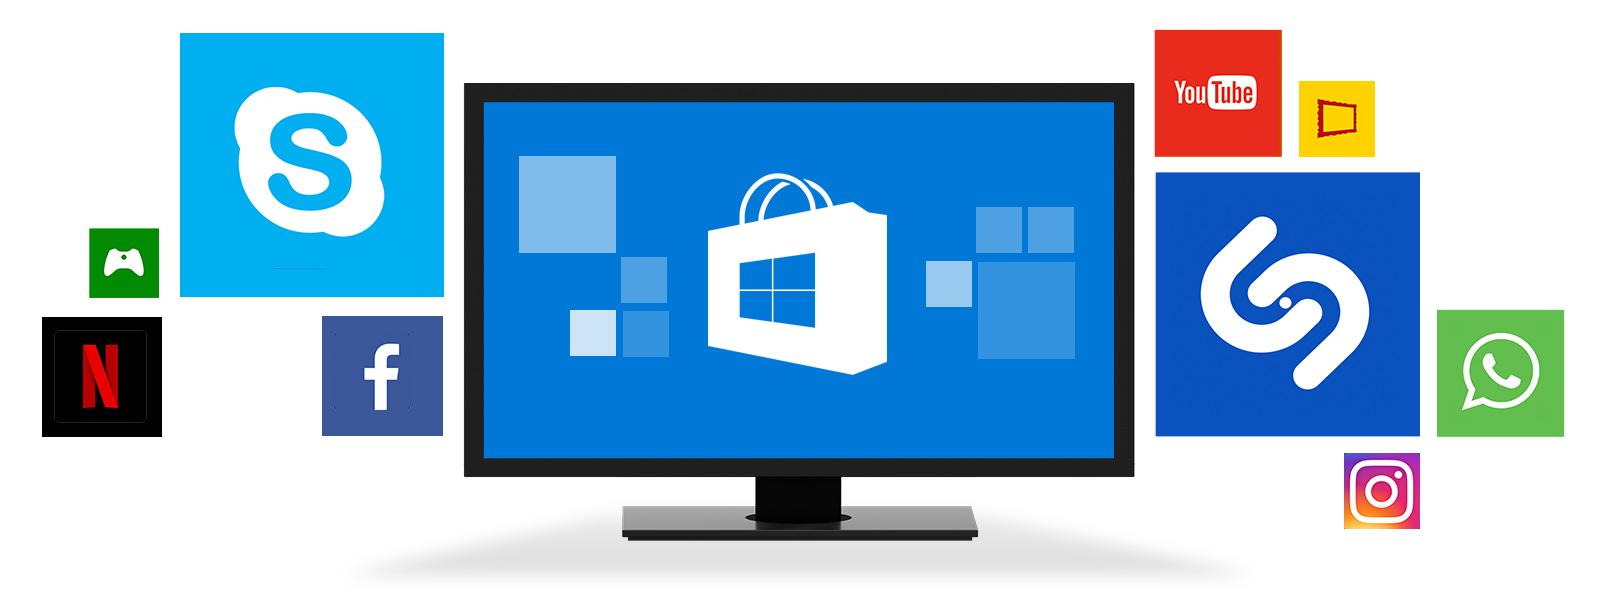 Dispositivo Windows con múltiples iconos de aplicaciones flotando a su alrededor
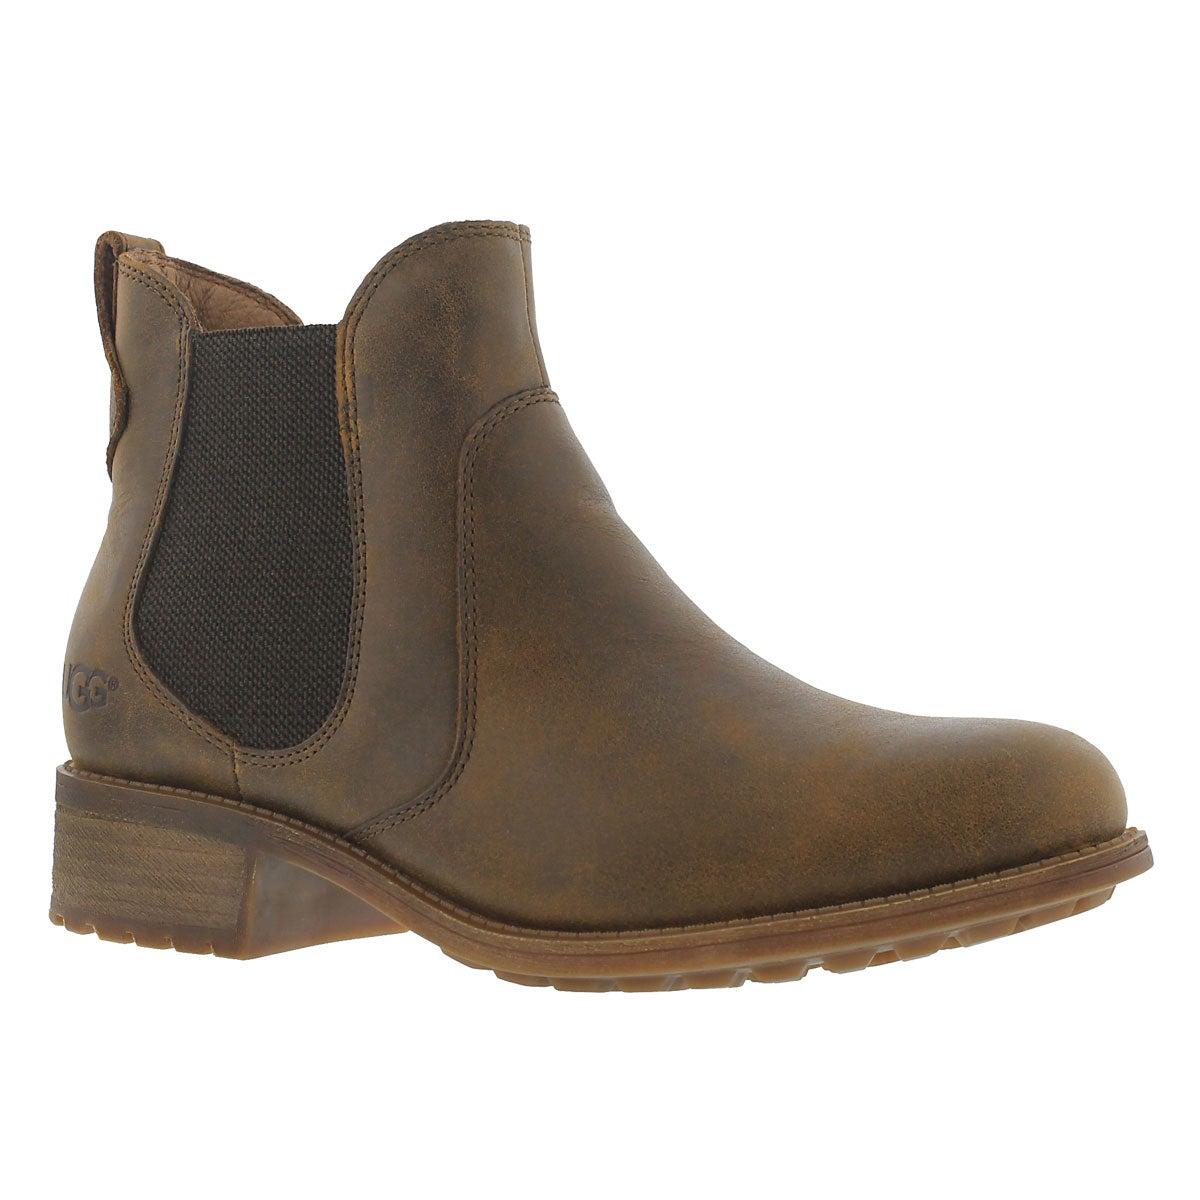 Women's BONHAM stout chelsea boots
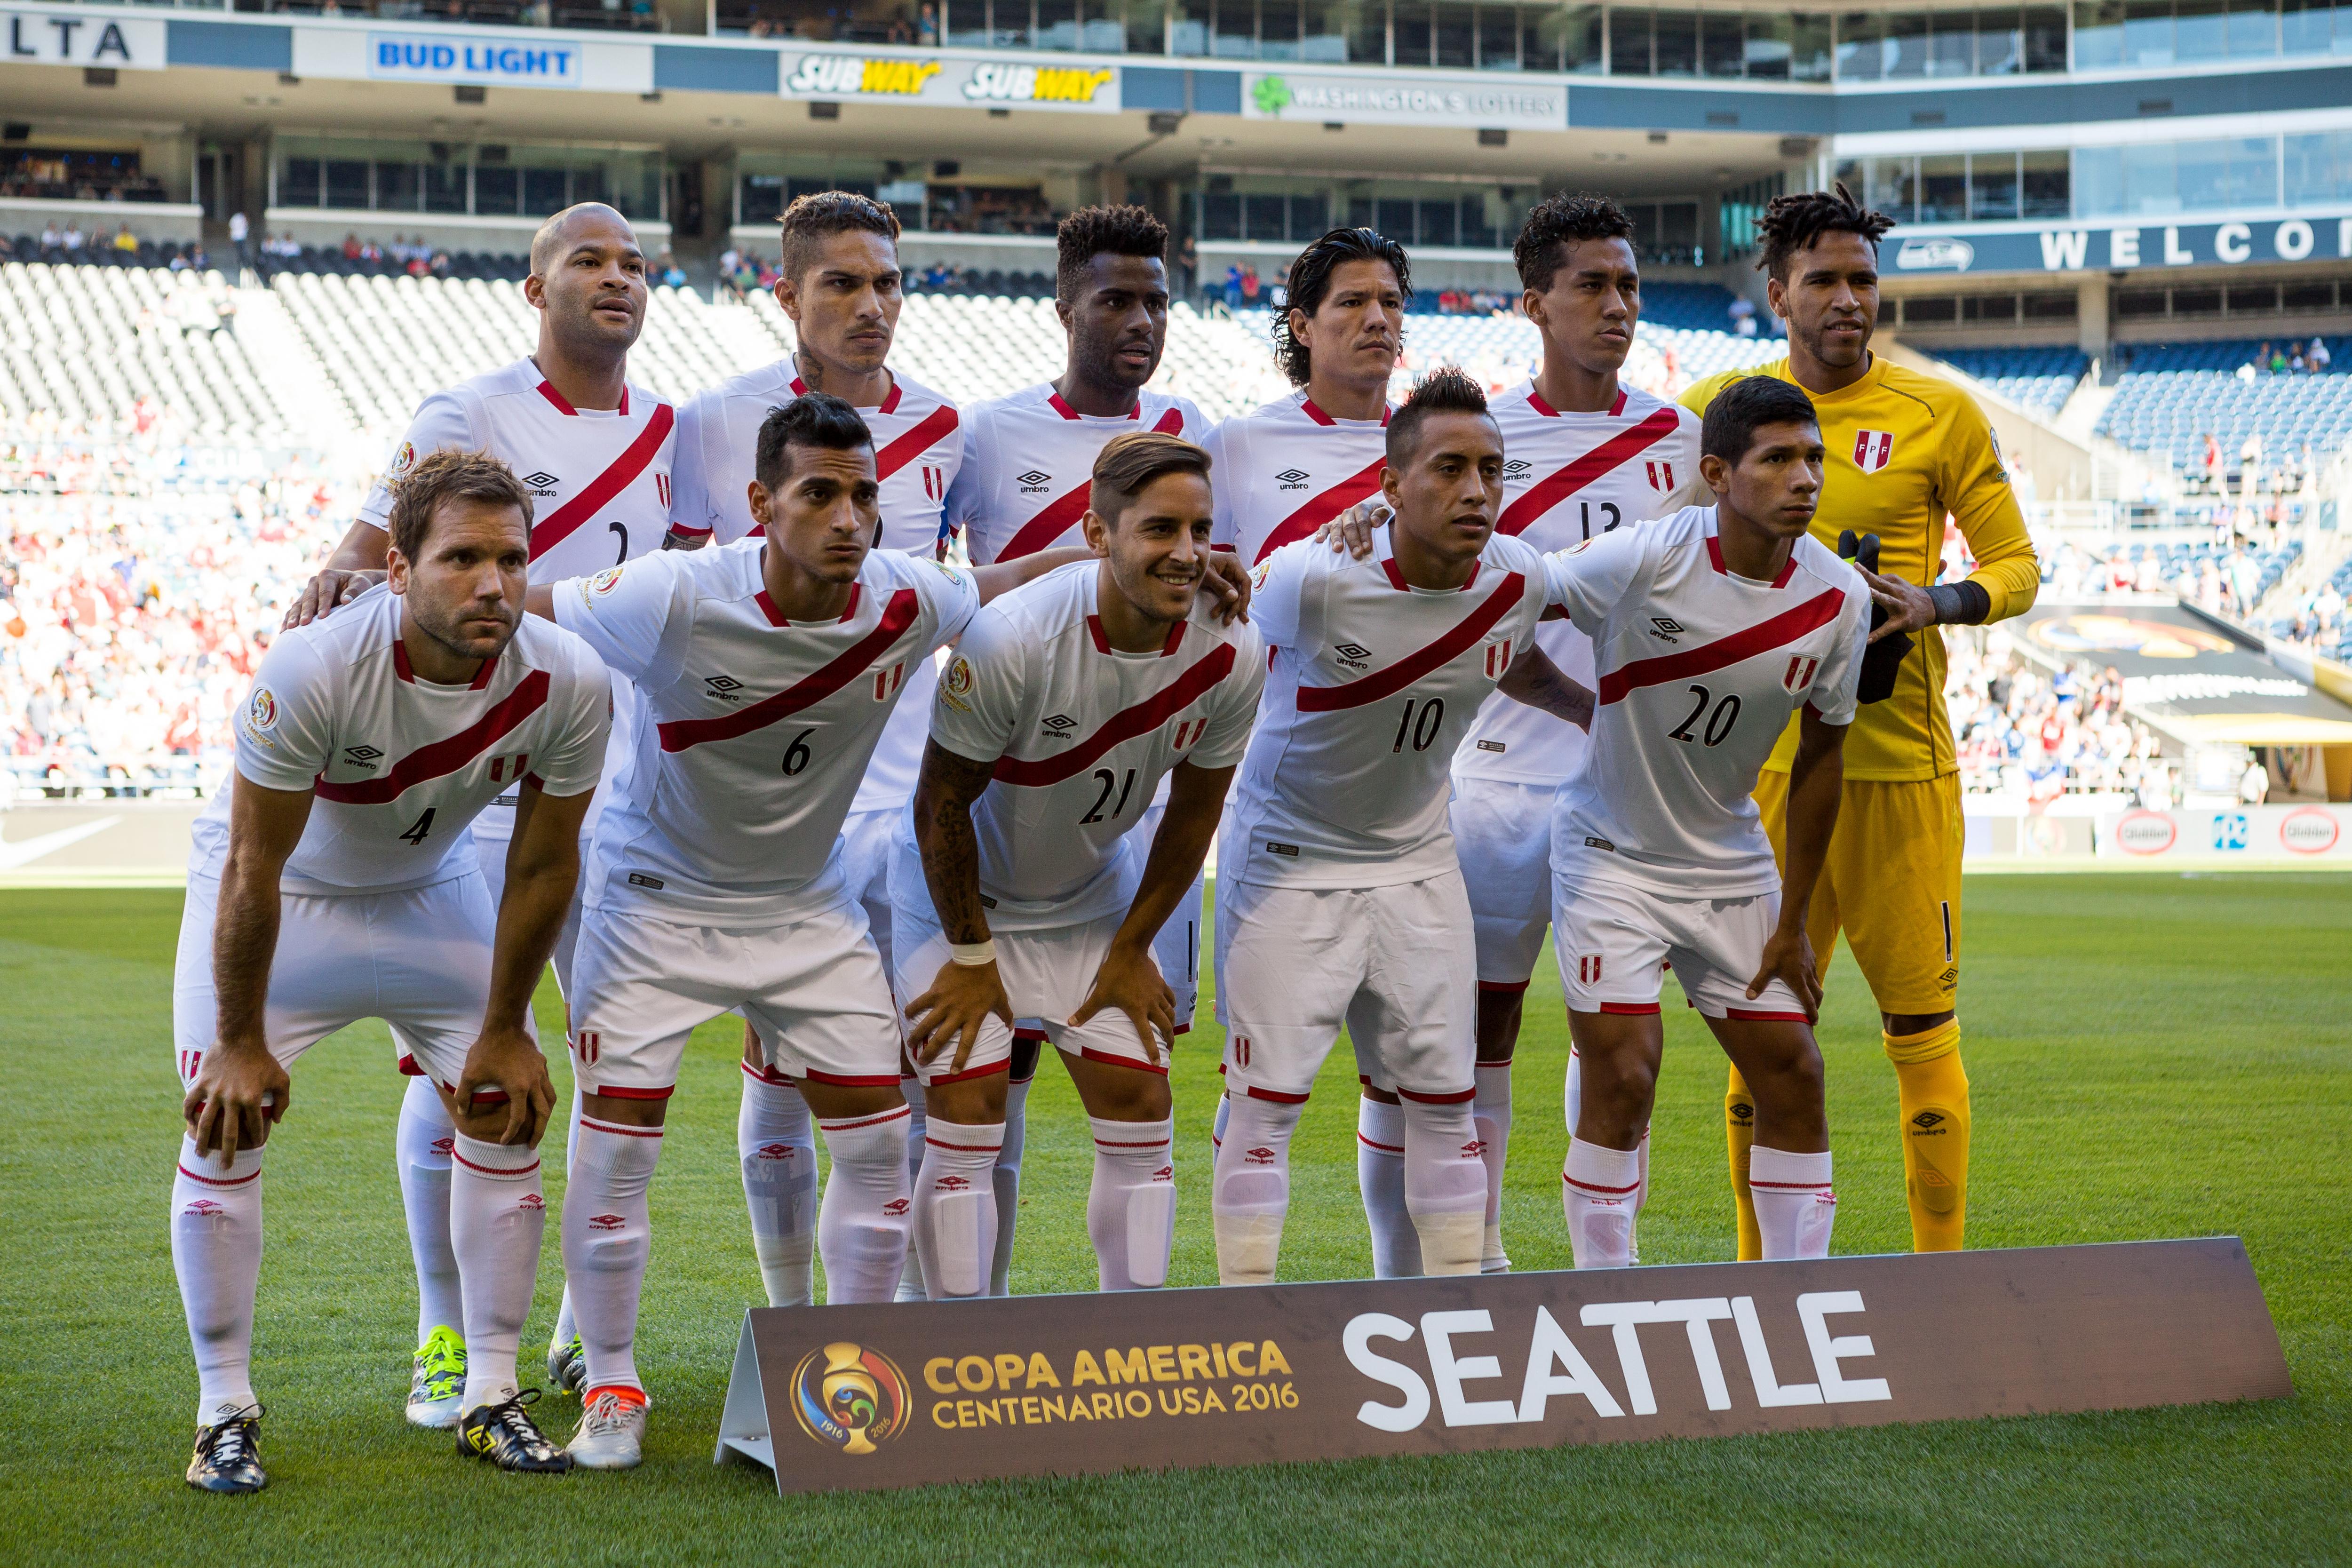 SEA19. SEATTLE (WA, EE.UU.), 04/06/2016.- Jugadores peruanos posan para las fotos oficiales hoy, sábado 4 de junio de 2016, antes de un partido entre Haití y Perú por la Copa America 2016, en el estadio CenturyLink Field de Seattle, Washington (EE.UU.). EFE/Jordan Stead

### PROBLEM DETAILS
Write out exactly and only the lines that run from the start of the data above through the line containing "Women's BONHAM stout chelsea boots", leaving the pictures out.

### SOLUTION
 Dispositivo Windows con múltiples iconos de aplicaciones flotando a su alrededor
 Women's BONHAM stout chelsea boots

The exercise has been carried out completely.